## Information supplied:
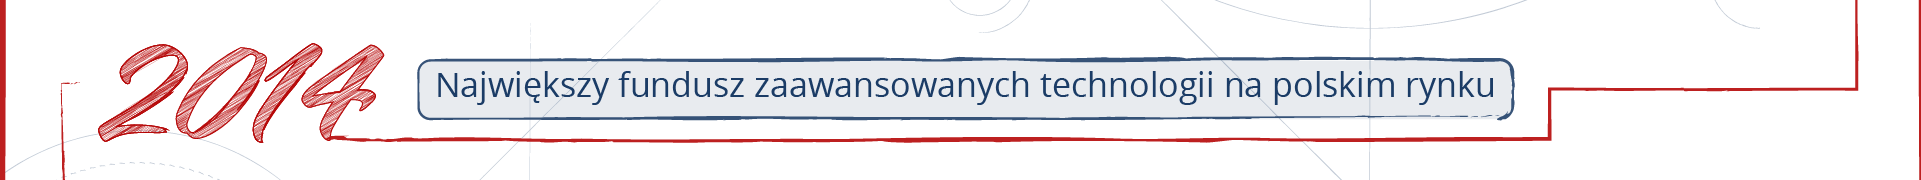 Fragment osi czasu. Ozdobny napis 2014, obok ramka z napisem „Największy fundusz zaawansowanych technologii na polskim rynku”.
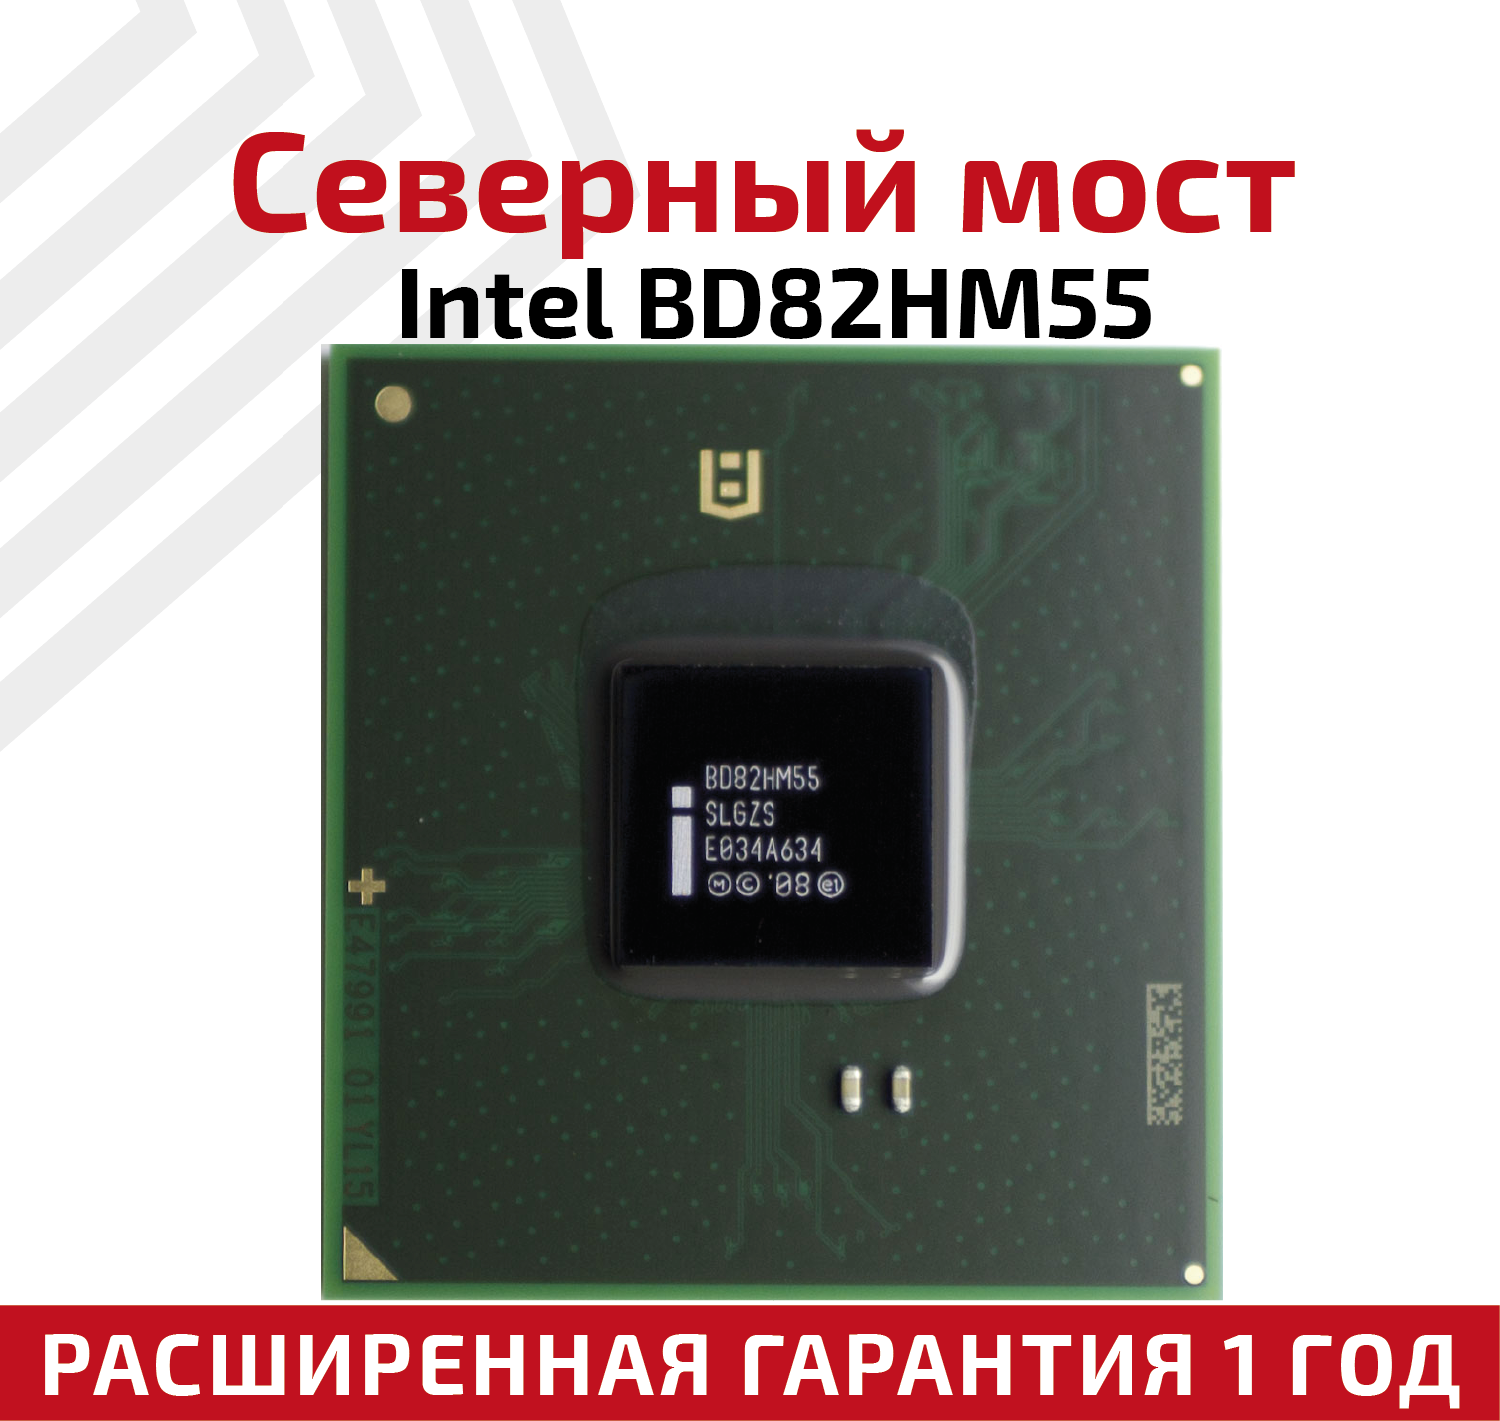 Северный мост Intel BD82HM55
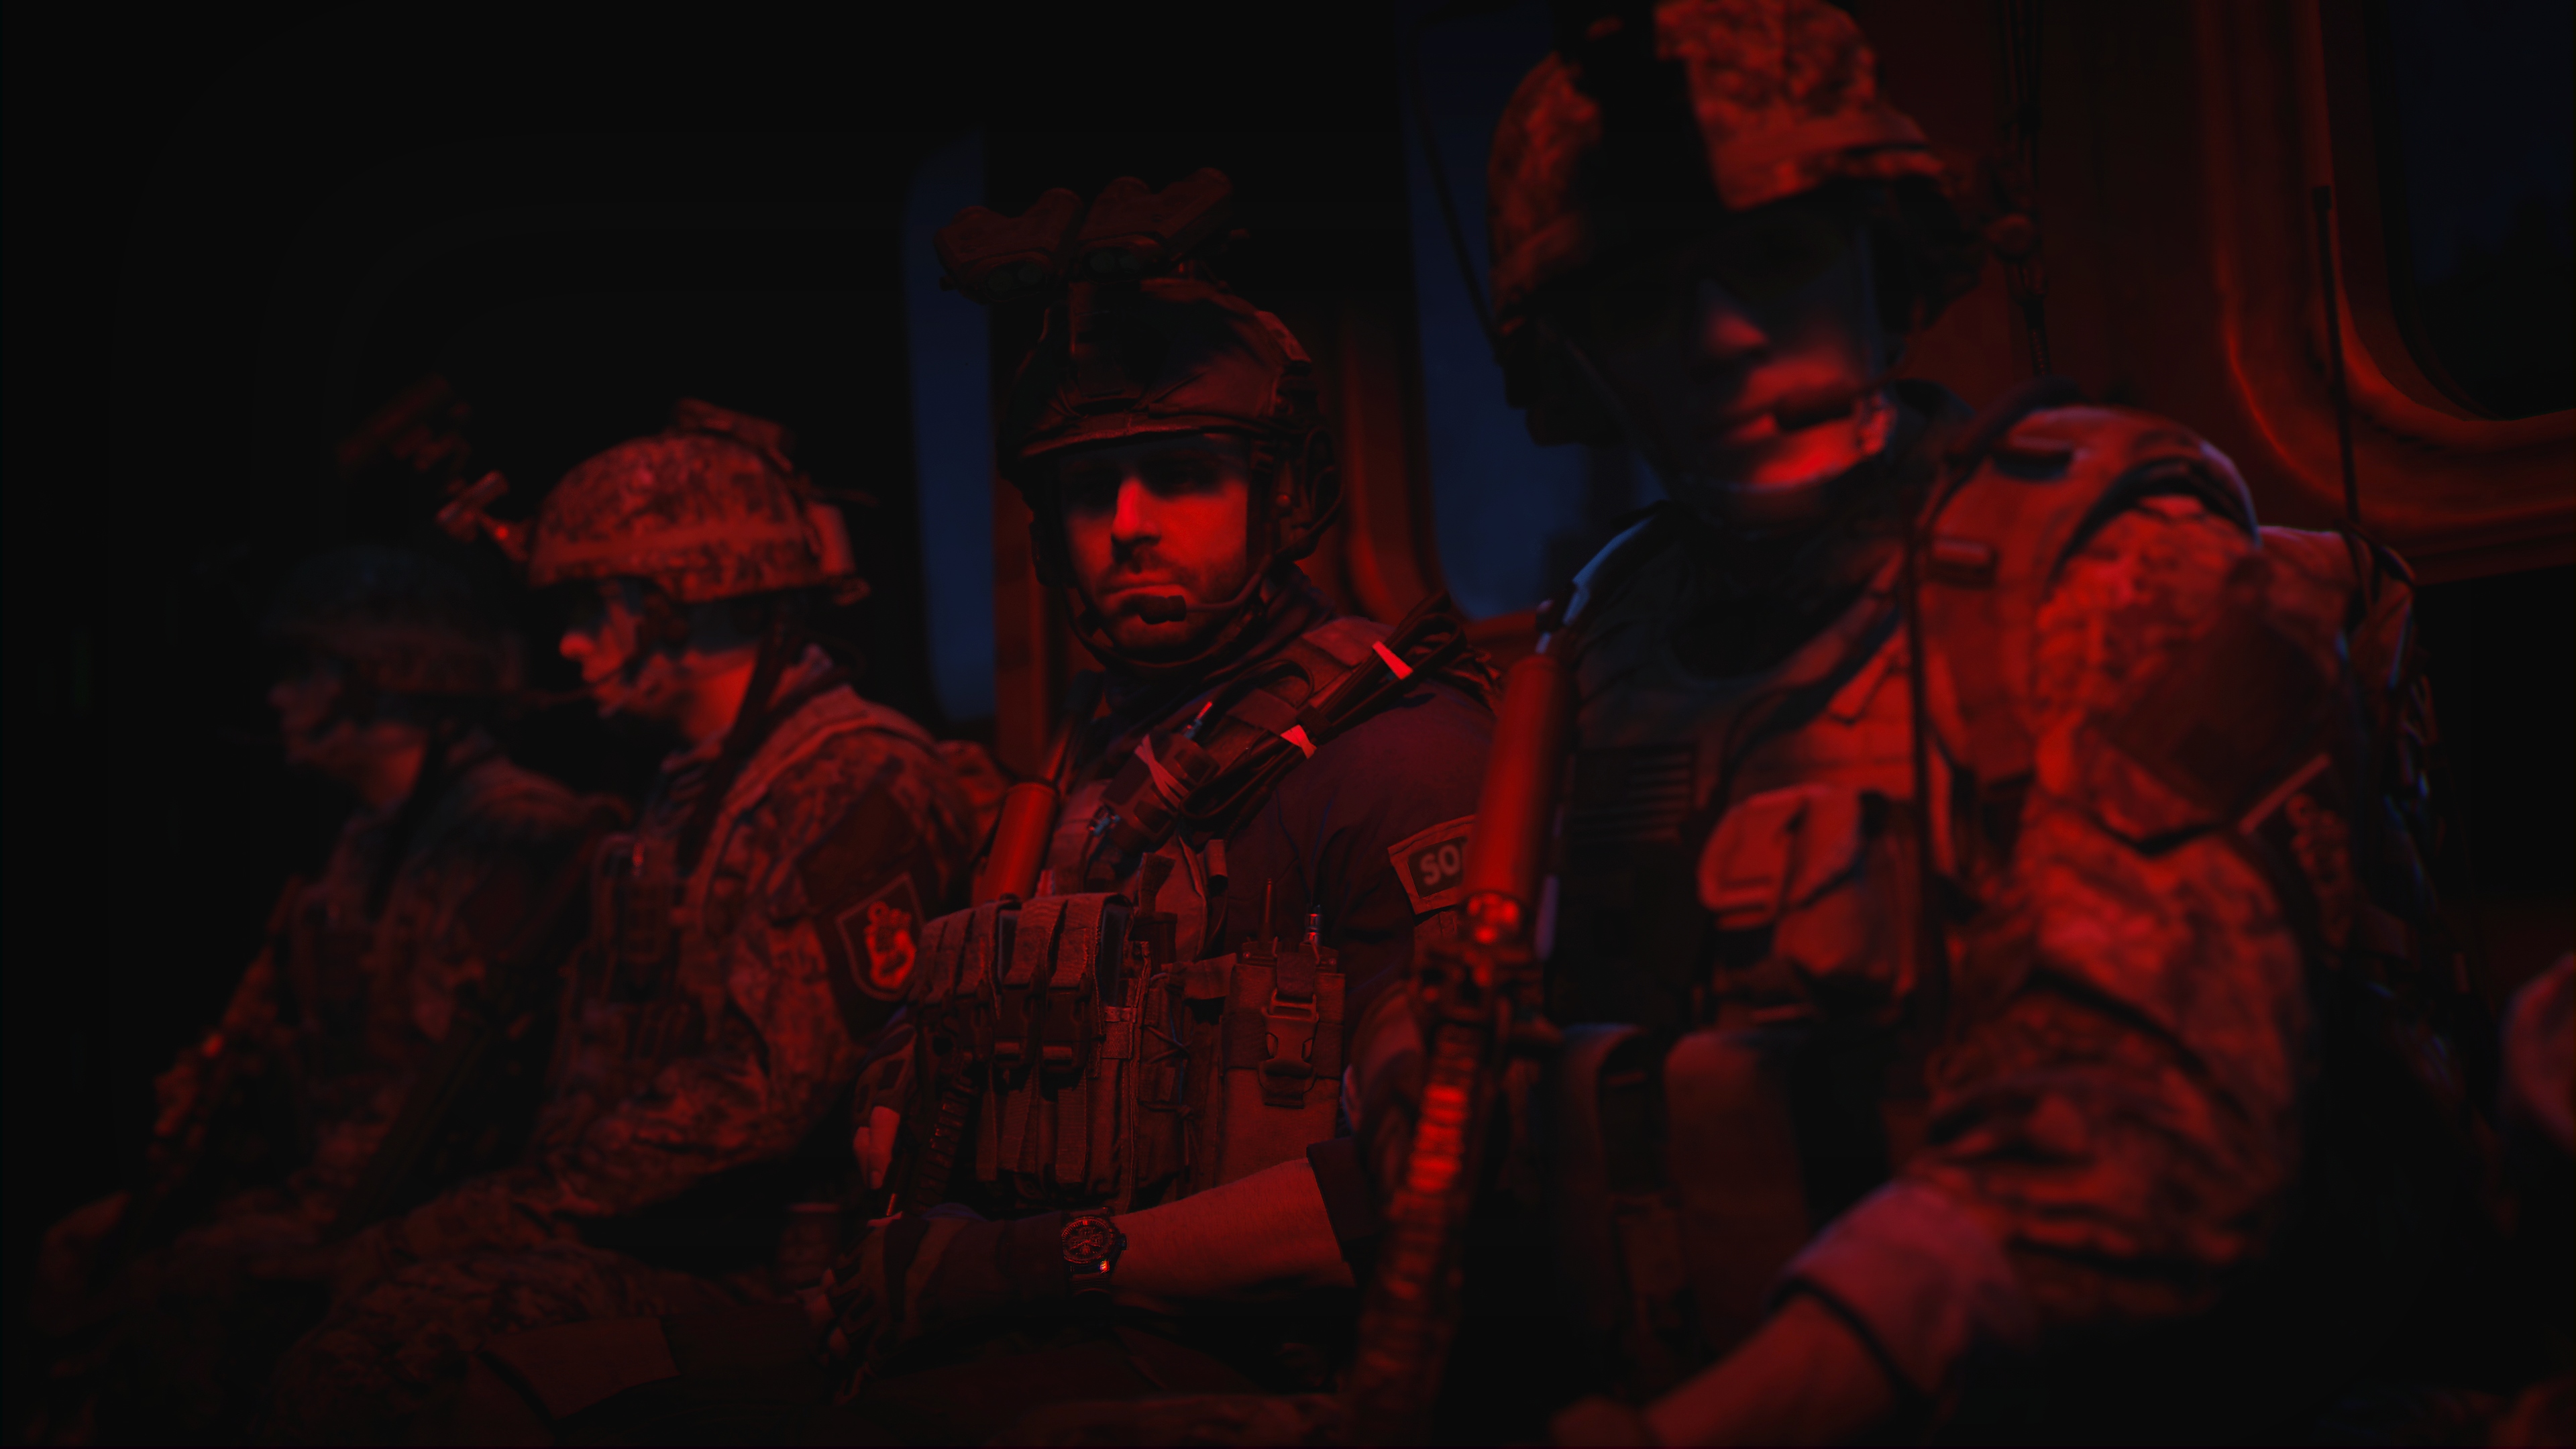 Call of Duty: Modern Warfare 2 2022 – kuvakaappaus kolmesta hahmosta, jotka seisovat punaisessa valossa

## Task to complete:
Reproduce the full listing verbatim so that only the pictures are missing.

## Exercise answer:
 Fragment osi czasu. Ozdobny napis 2014, obok ramka z napisem „Największy fundusz zaawansowanych technologii na polskim rynku”.
 Северный мост Intel BD82HM55
 Call of Duty: Modern Warfare 2 2022 – kuvakaappaus kolmesta hahmosta, jotka seisovat punaisessa valossa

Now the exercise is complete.